* Description of the task *
Output, exactly as written, the lines below from the one that has "Toys On Grassy Field" through the one that has "1.35 Ctw Natural"; nothing else, and no pictures.

* Record set *
------------
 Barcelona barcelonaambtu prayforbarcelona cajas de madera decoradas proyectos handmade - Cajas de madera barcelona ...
------------
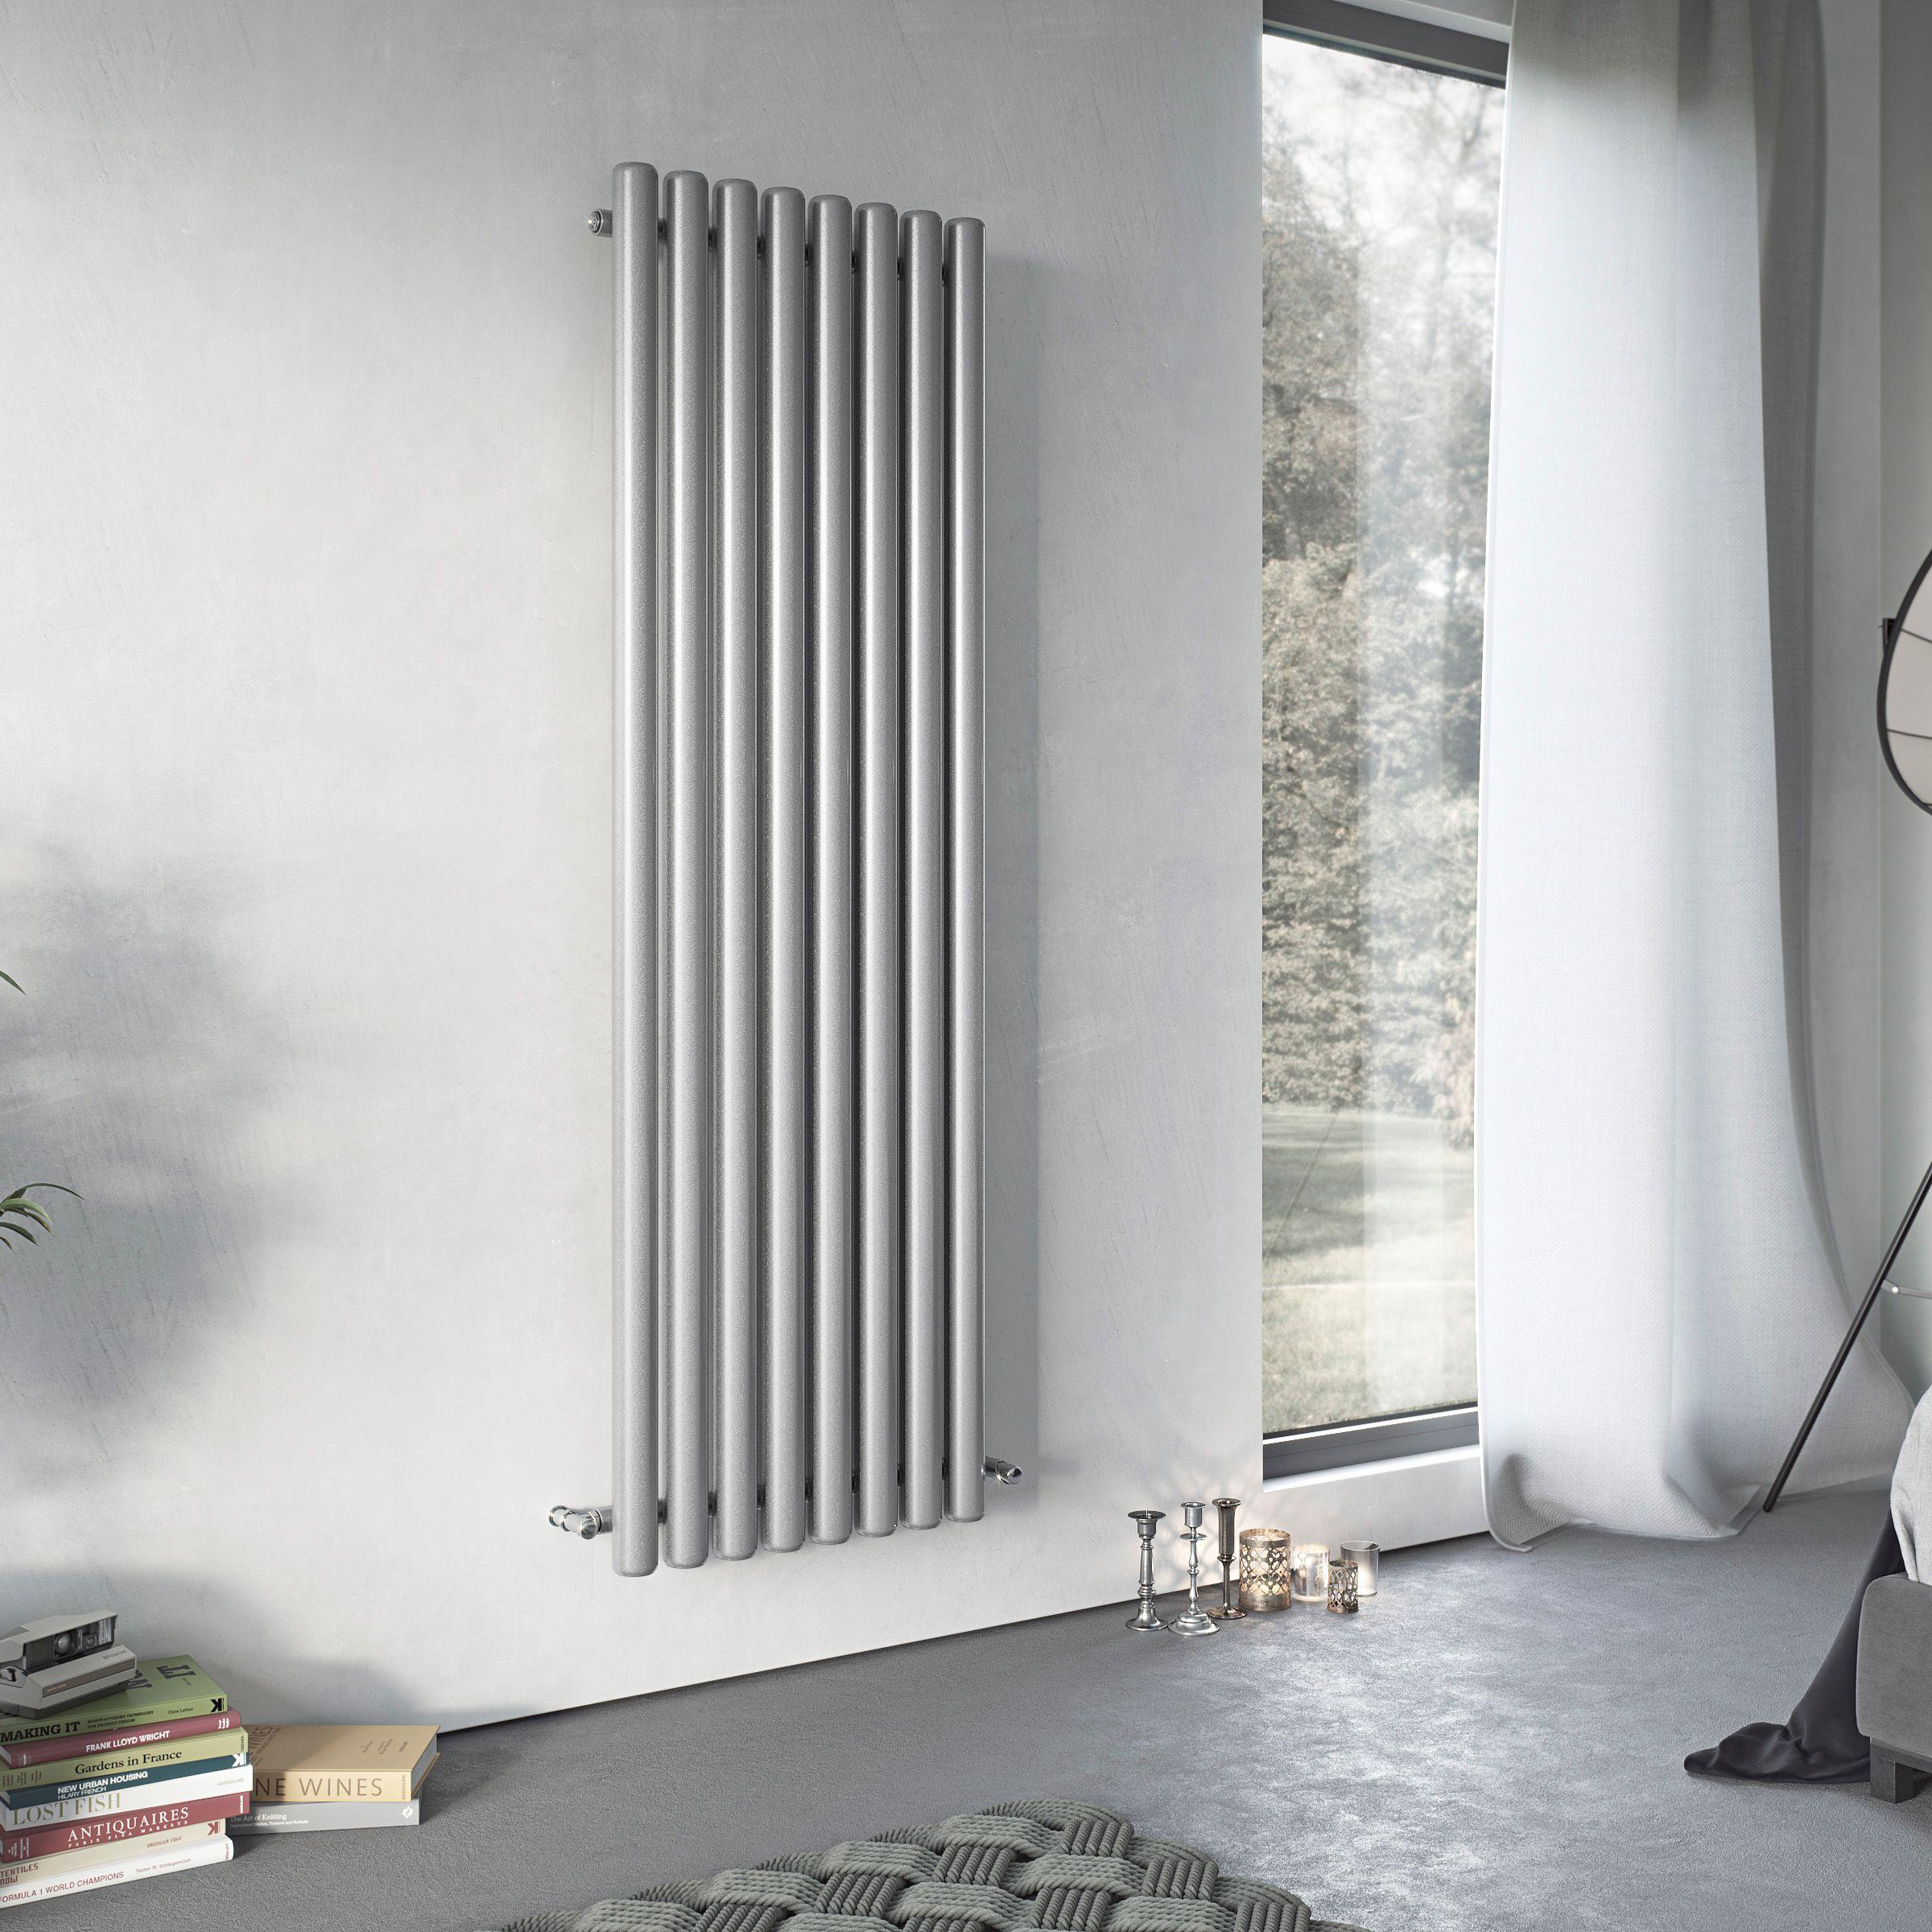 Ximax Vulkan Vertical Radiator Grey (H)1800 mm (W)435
------------
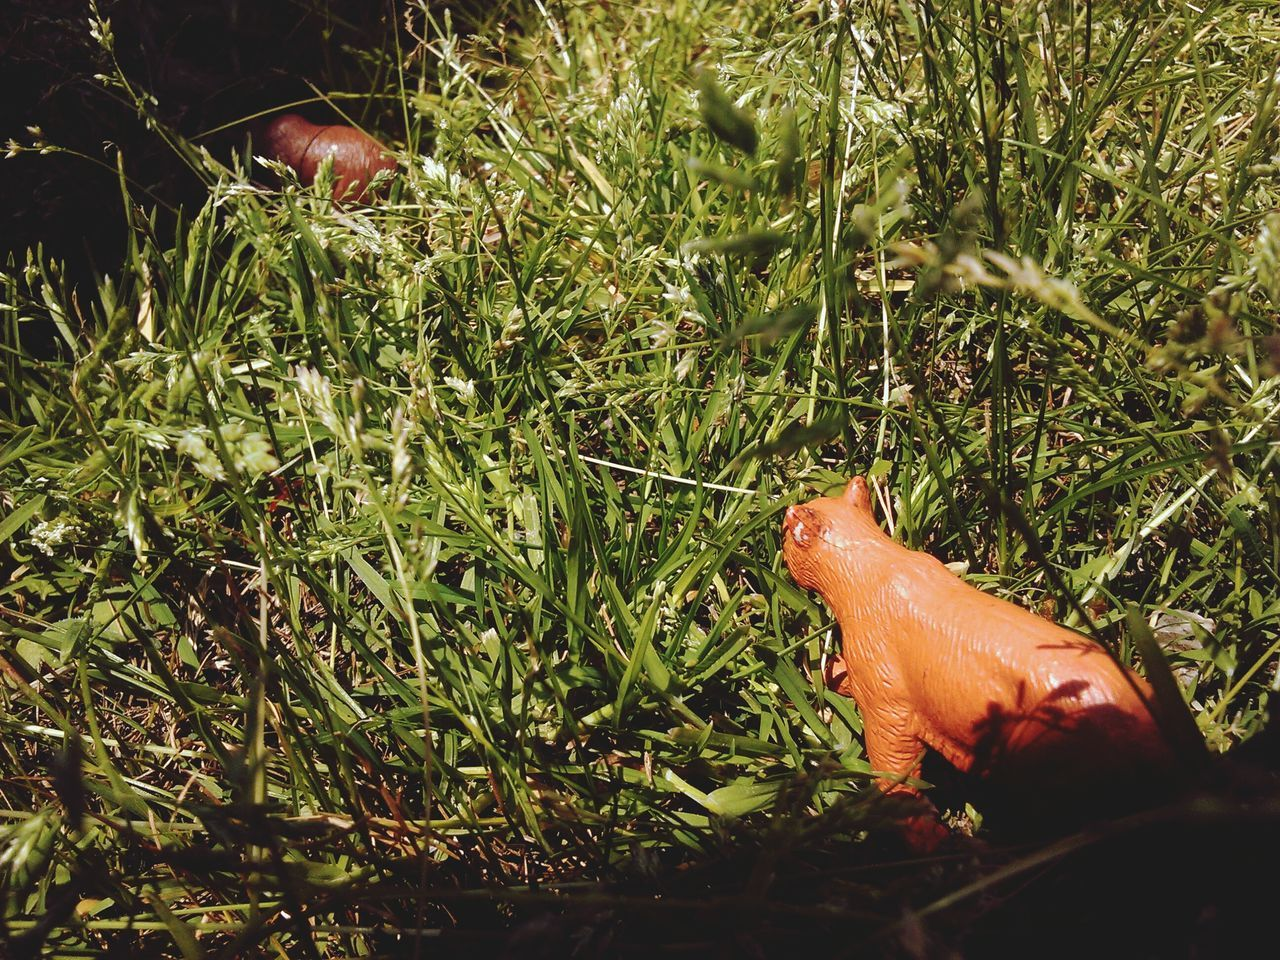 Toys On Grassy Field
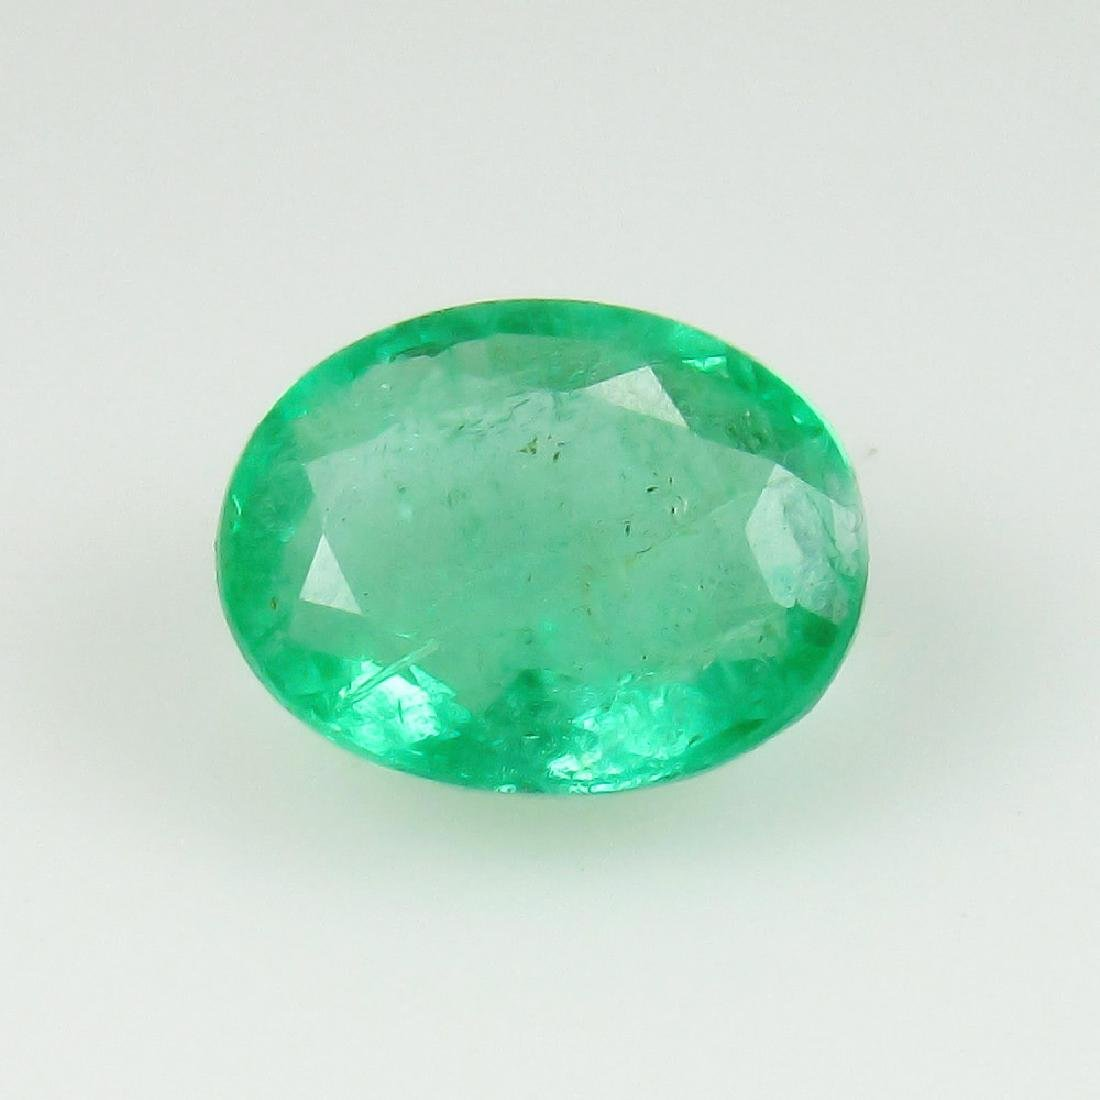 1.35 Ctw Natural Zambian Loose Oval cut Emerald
------------
* Solved exercise *
 Toys On Grassy Field
 1.35 Ctw Natural Zambian Loose Oval cut Emerald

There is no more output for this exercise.